SEZ Framework Set for Major Overhaul
The Union Budget 2026 is expected to roll out far-reaching reforms in Special Economic Zones (SEZs) to revive investment, boost exports, and enable greater domestic sales. Policymakers are looking to modernise the SEZ framework, which industry stakeholders say has become outdated and misaligned with Bharat’s ambition to build $100 billion Global Capability Centres (GCCs).
Industry demands include 24×7 operational flexibility, 100% FDI through the automatic route, and extension of PLI benefits to hyperscale data centres, positioning SEZs as next-generation export and digital hubs.
Incentives to Crowd in Investment and Innovation
Proposed measures focus on strengthening investment economics within SEZs.
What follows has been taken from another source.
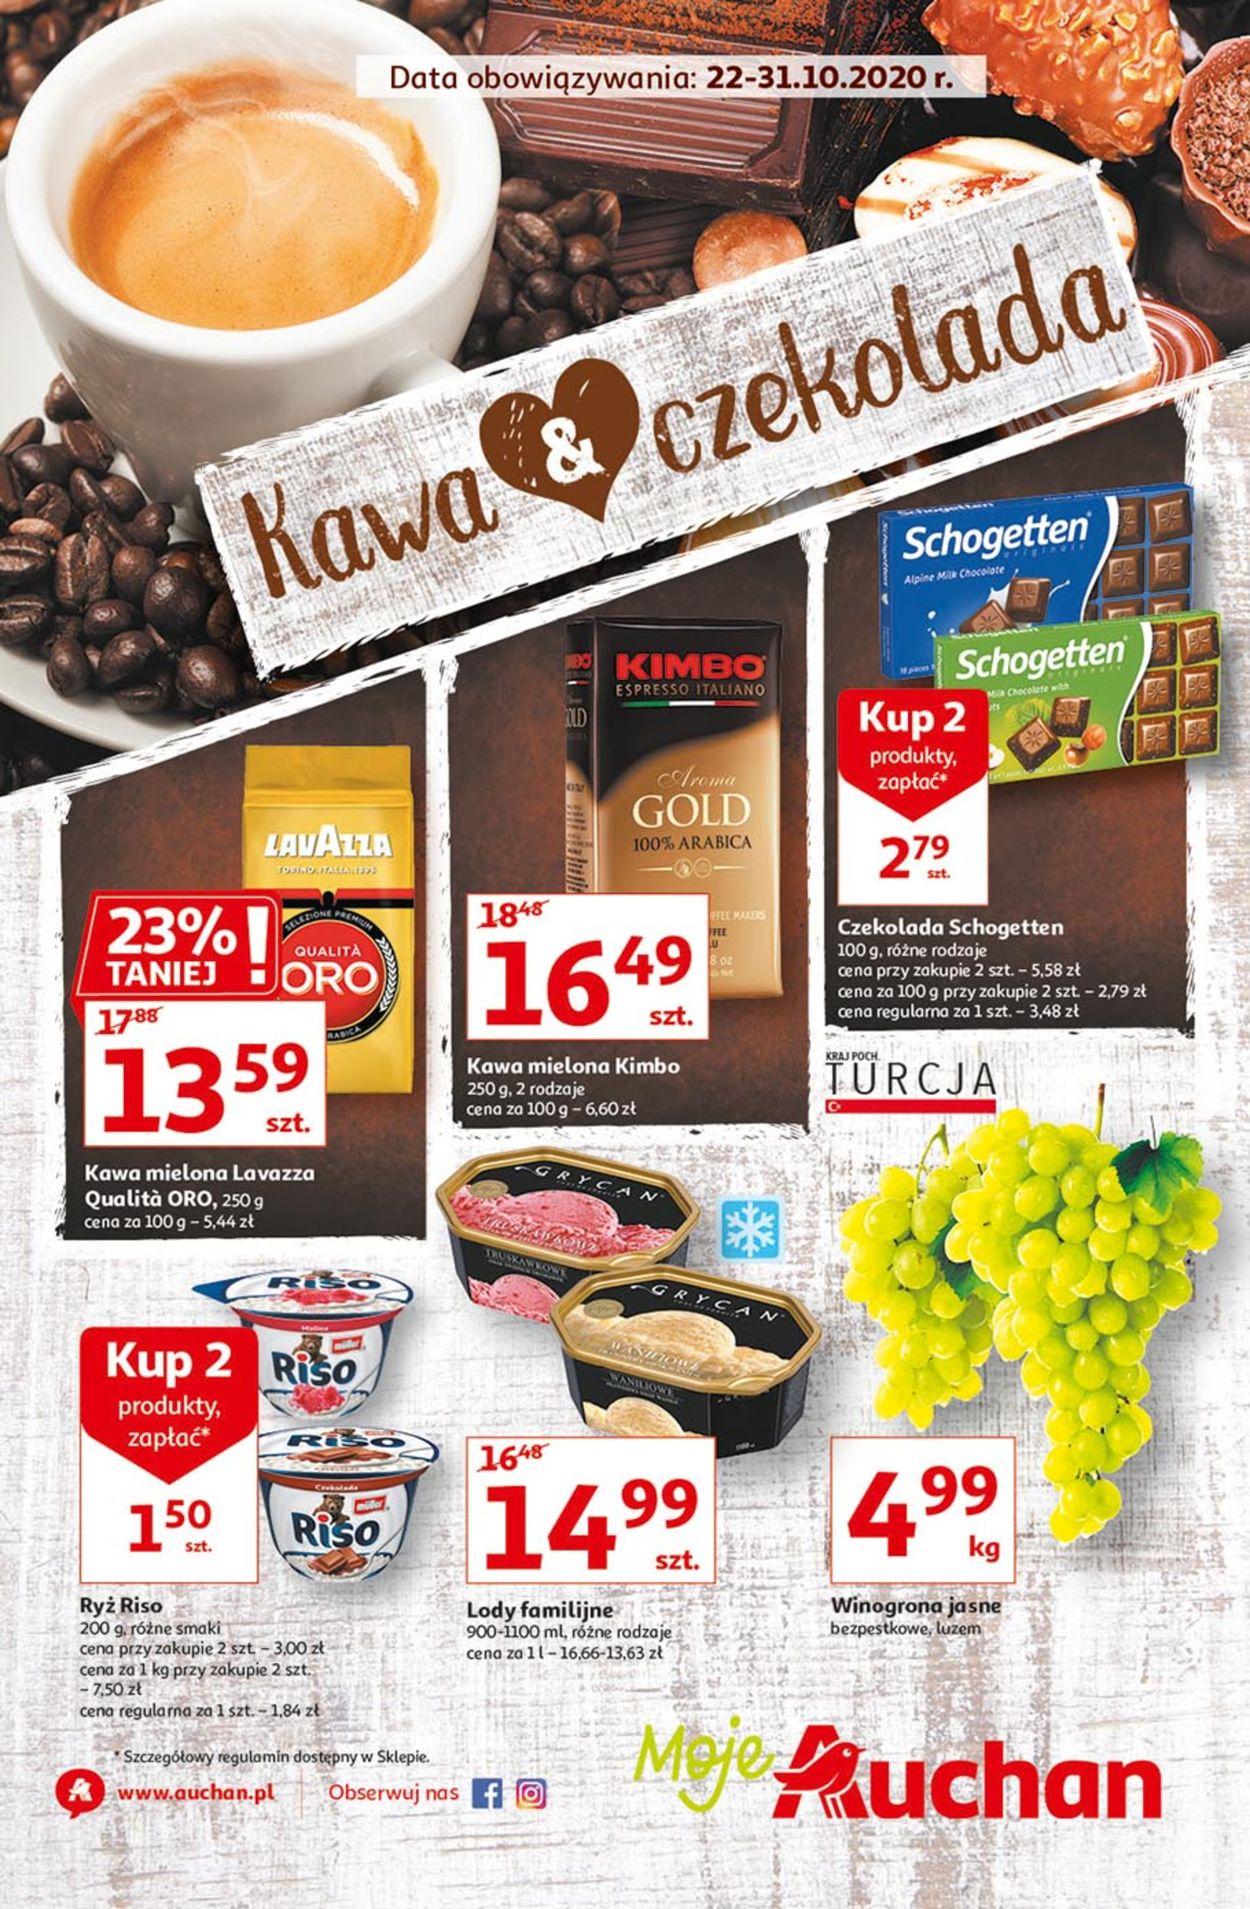 Gazetka promocyjna Auchan - 22.10-31.10.2020

These include profit-linked incentives, enhanced R&D tax credits of up to 200%, and a proposal to lower SARFAESI thresholds for NBFCs to ₹1 lakh, aimed at faster recoveries and improved asset quality.
The hospitality and tourism sector has also sought targeted incentives, including tourism-linked PLIs, to stimulate consumption and employment while supporting services exports.
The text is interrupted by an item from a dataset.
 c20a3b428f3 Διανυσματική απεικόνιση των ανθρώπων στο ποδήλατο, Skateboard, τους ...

Balancing Global Strategy and Fiscal Discipline
SEZ reforms are being calibrated against broader fiscal and geopolitical considerations. With rising defence capital expenditure and the fiscal deficit targeted in the 4.3–4.6% of GDP range, the government is seeking to balance national security priorities with long-term economic competitiveness.
MSMEs and startups operating within SEZs are expecting expanded credit guarantees, simplified compliance norms, and formalisation support, enabling them to integrate more effectively into global value chains.